Templo de padre Marcelo abre hoje sem Habite-se

A obra erguida em Interlagos, que levou oito anos para ficar pronta, tem alvará para funcionar só até o fim do ano

ADRIANA FERRAZ, O Estado de S.Paulo

02 de novembro de 2012 | 02h03

O megatemplo do padre Marcelo Rossi, em Interlagos, zona sul da capital, abre as portas hoje para missa especial de Finados, a partir das 11 horas. A obra, que levou oito anos para ficar pronta, tem capacidade de abrigar cerca de 100 mil pessoas, sendo 20 mil sentadas. Mas, por enquanto, a igreja só tem alvará provisório, com prazo de validade de 31 de dezembro, já que a edificação ainda não recebeu o Habite-se, documento que comprova a execução do projeto de acordo com a legislação.

De acordo com a Prefeitura, o termo de compensação ambiental ainda não foi cumprido pelos responsáveis pela obra, o que impede a entrega do documento. A Secretaria Municipal do Controle Urbano, no entanto, informou que o local tem o Auto de Vistoria do Corpo de Bombeiros, assim como as licenças da Vigilância Ambiental.

Batizado de Santuário Theotokos - Mãe de Deus, a igreja foi construída em um terreno de 30 mil m² na Avenida Interlagos. Antes, o local abrigava uma indústria de cerveja. Na avaliação do padre, a construção tem capacidade para se tornar um "novo cartão-postal de São Paulo". E, pela área, será o maior templo católico da capital.

O templo é o quarto endereço a abrigar as badaladas celebrações do sacerdote mais pop do Brasil.

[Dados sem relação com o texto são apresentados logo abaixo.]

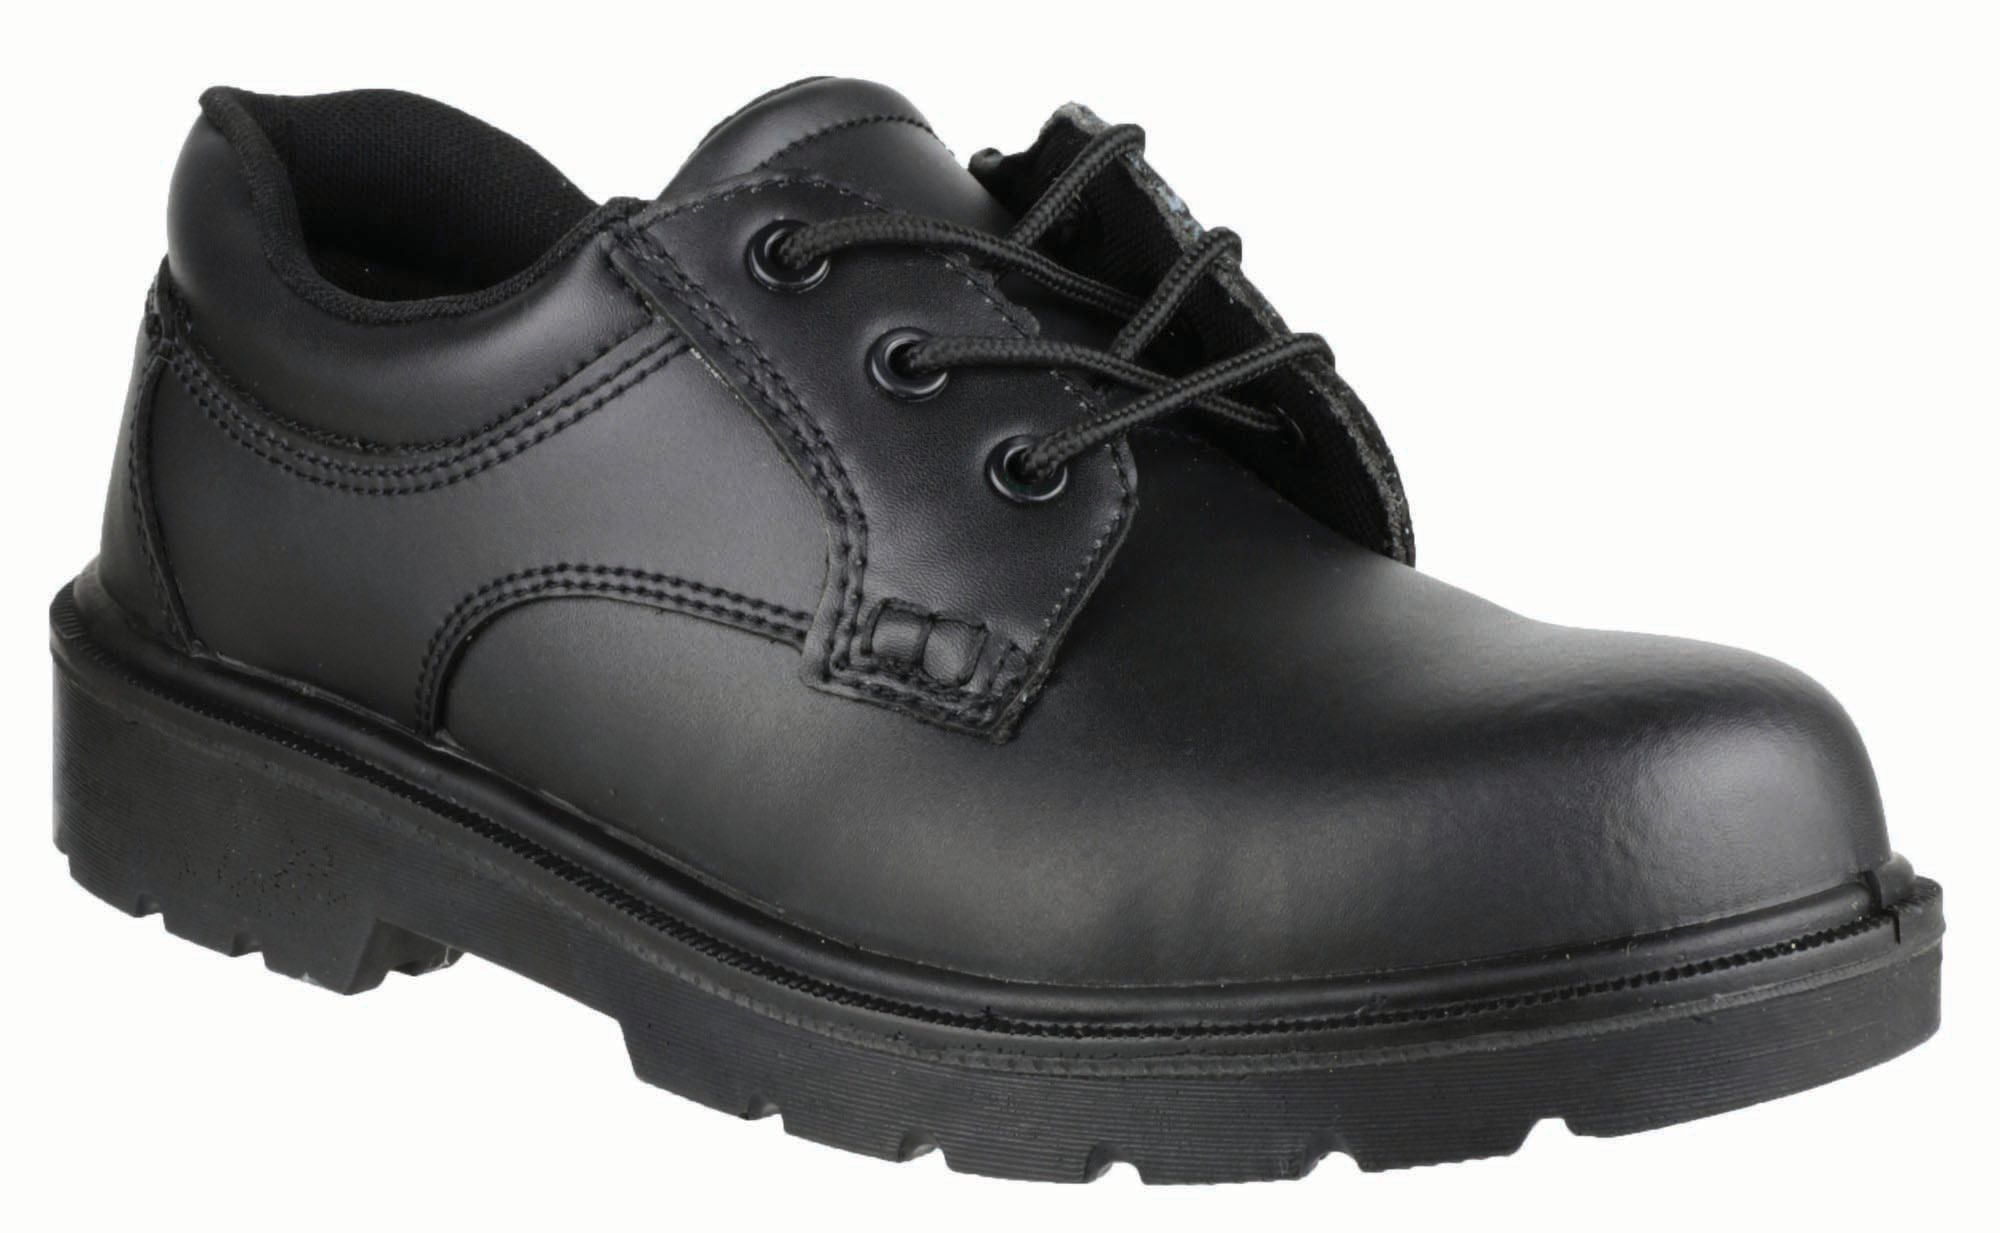 Image of Amblers Safety FS38C Safety Shoe - Black Size 8

Nos outros locais, sempre galpões alugados na região de Santo Amaro, na zona sul, padre Marcelo enfrentou uma série de problemas com vizinhos, incomodados com o barulho dos eventos religiosos e o grande número de peregrinos católicos, que costumam fretar ônibus para participar dos eventos.

O terreno definitivo foi comprado em julho de 2004, por R$ 6 milhões. Mais da metade do investimento foi doada pelo empresário Antônio Ermírio de Moraes. Já a verba utilizada na construção veio da renda obtida com a venda dos produtos licenciados do padre, como CDs, DVDs e livros.

Ainda em 2004, surgiu um parceiro de renome. O arquiteto Ruy Ohtake se apresentou como voluntário e doou o projeto. Mas o traço de Ohtake acabou dificultando a execução da obra e aumentando seu custo. Segundo o padre, as curvas são as vilãs.

De longe, porém, é a cruz que chama a atenção. Com 44 metros de altura, pode ser vista a 1 km de distância. Tudo em estilo moderno contemporâneo, bem longe da estética tradicional dos templos do catolicismo. Graças às curvas, o pé-direito varia de 6 a 25 metros. Mas a marca principal é o altar, de 5 metros. Outro ponto nobre: uma cripta, sob o altar, onde serão guardados restos mortais de padres e bispos da Diocese de Santo Amaro.

A missa de hoje deve durar duas horas e contará com a participação dos cantores Alexandre Pires e Agnaldo Rayol.